Citation: Operative Dentistry 34, 6; 10.2341/09-012-L
The same steps were followed in Group 2, but after curing the bonding agent, a layer of flowable composite was placed as a liner on the floor and cured first. The thickness of the liner was about 1 mm, and for standardization, each tooth was weighed before and after the liner application to keep constant the weight of the liner (1 mg approximately). In Groups 3, 4 and 5, the same steps were followed as in Group 1, except that the composite was preheated before application to 37°C, 54°C and 68°C, respectively, with a chairside preheating device (Calset thermal assist unit, AdDent Inc, Danbury, CT, USA).

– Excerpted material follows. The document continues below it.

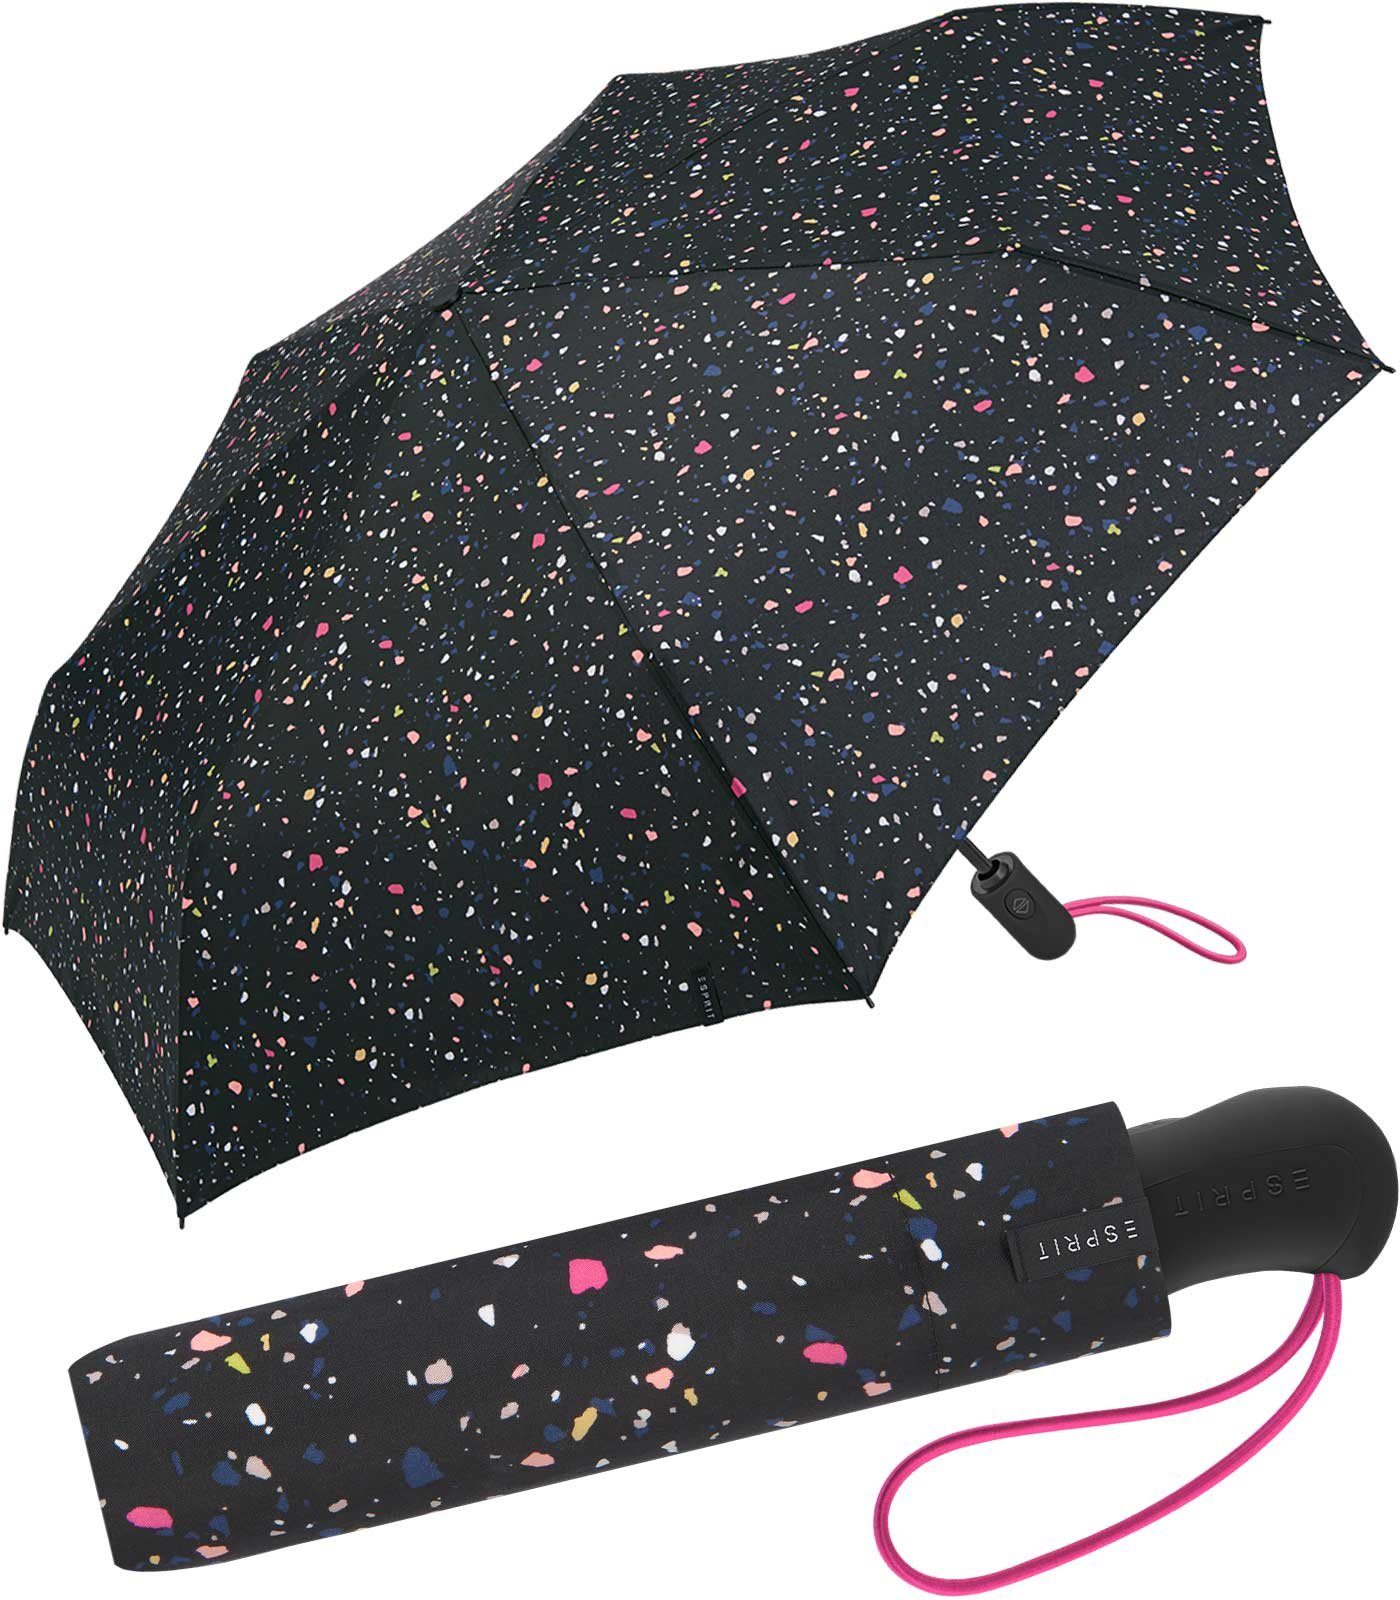 Esprit Taschenregenschirm Easymatic Light - Terrazzo Dots - schwarz, stabil, praktisch, mit Auf-Zu-Automatik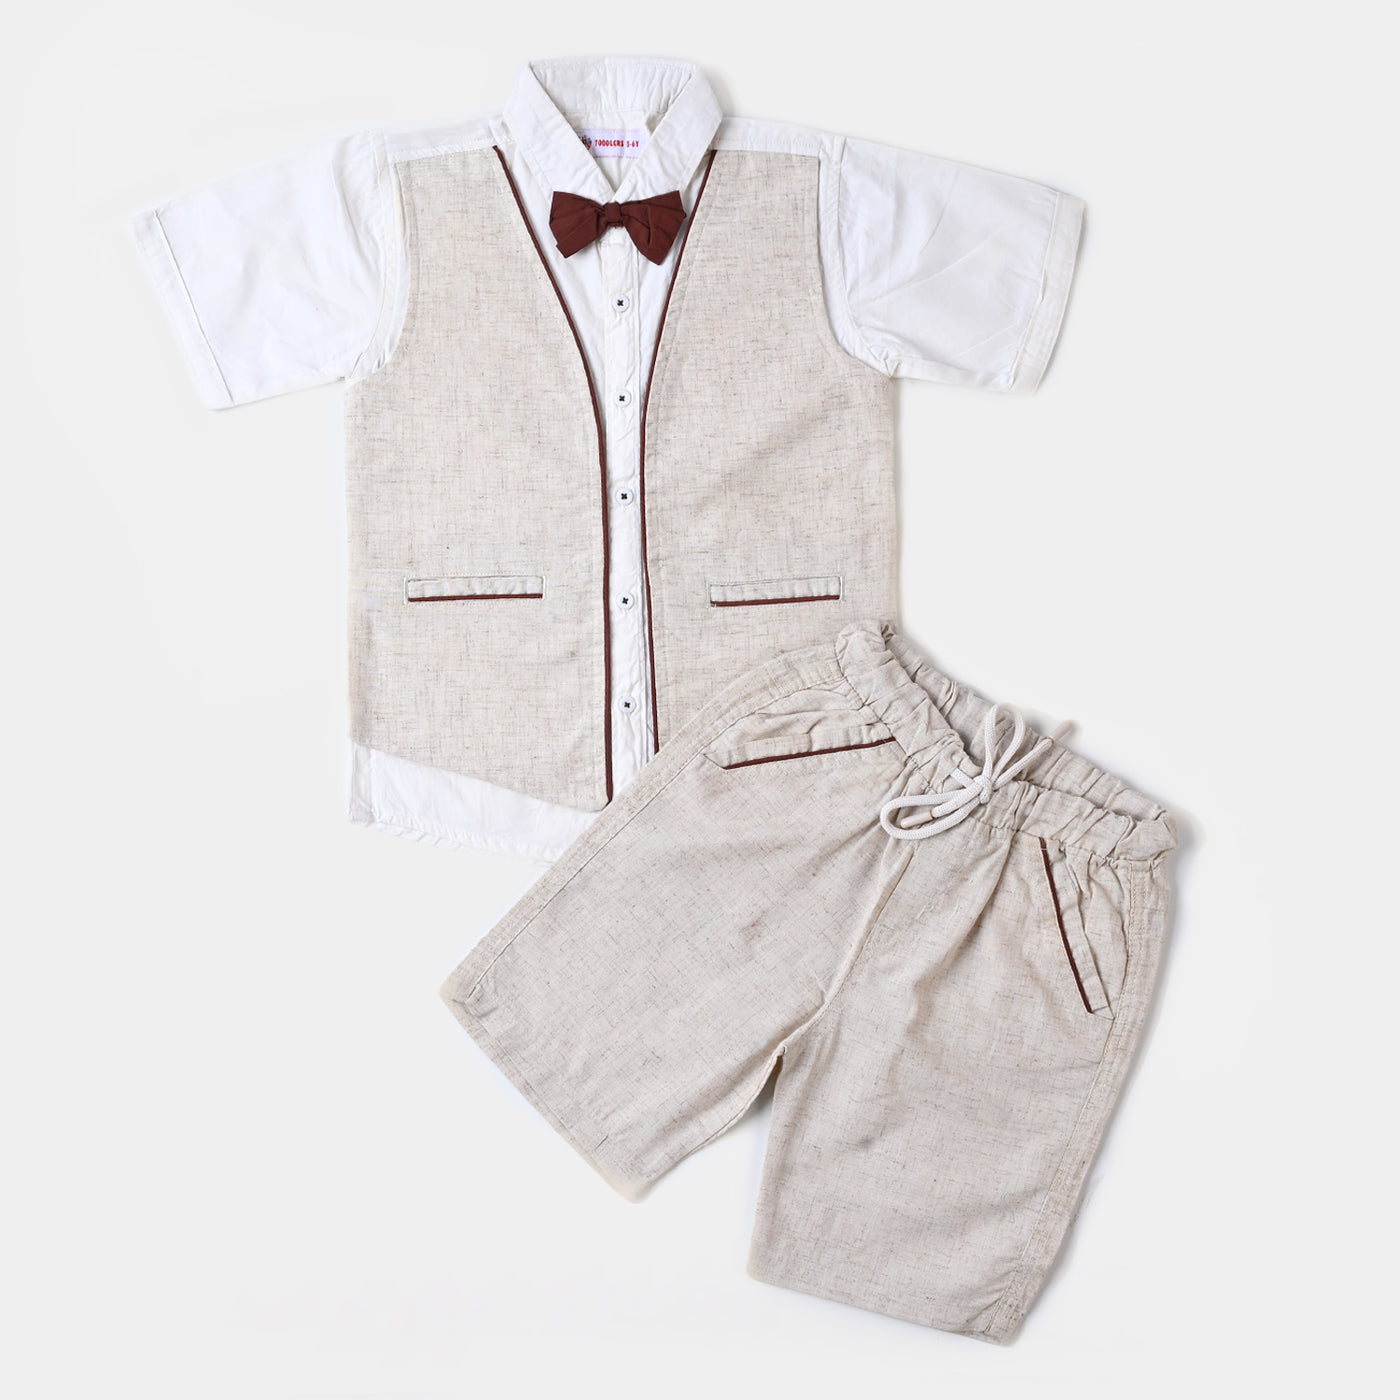 Infant Boys Cotton Suit  - Sand

Warming the compule in the Calset unit took about 10 minutes. Once the desired temperature was reached, the heated compule was loaded into the syringe gun and the composite was applied in two increments into the cavity, where each increment was cured for 40 seconds. The compule was then returned to the Calset unit after application of the first increment to avoid temperature loss during curing of the first increment.
Cuspal movement was calculated at room temperature for each tooth by measuring the intercuspal distance between the indexed cusp tips using a stereomicroscope (Olympus-SZ-PT, Japan) with a 6.7× magnificatio,. Special computer software was used (Image J 1.34, NIH, USA), to draw two lines tangential to the indentations on the computer screen; the distance between the two lines was measured before tooth restoration and five minutes after applying and curing the composite as shown in Figure 2. The cuspal movement was calculated from the difference between the two measurements. The teeth were then kept in water at room temperature for 24 hours and the distance between the cusp tips was measured again. This third measurement was done to determine the degree of stress relaxation in the cusps.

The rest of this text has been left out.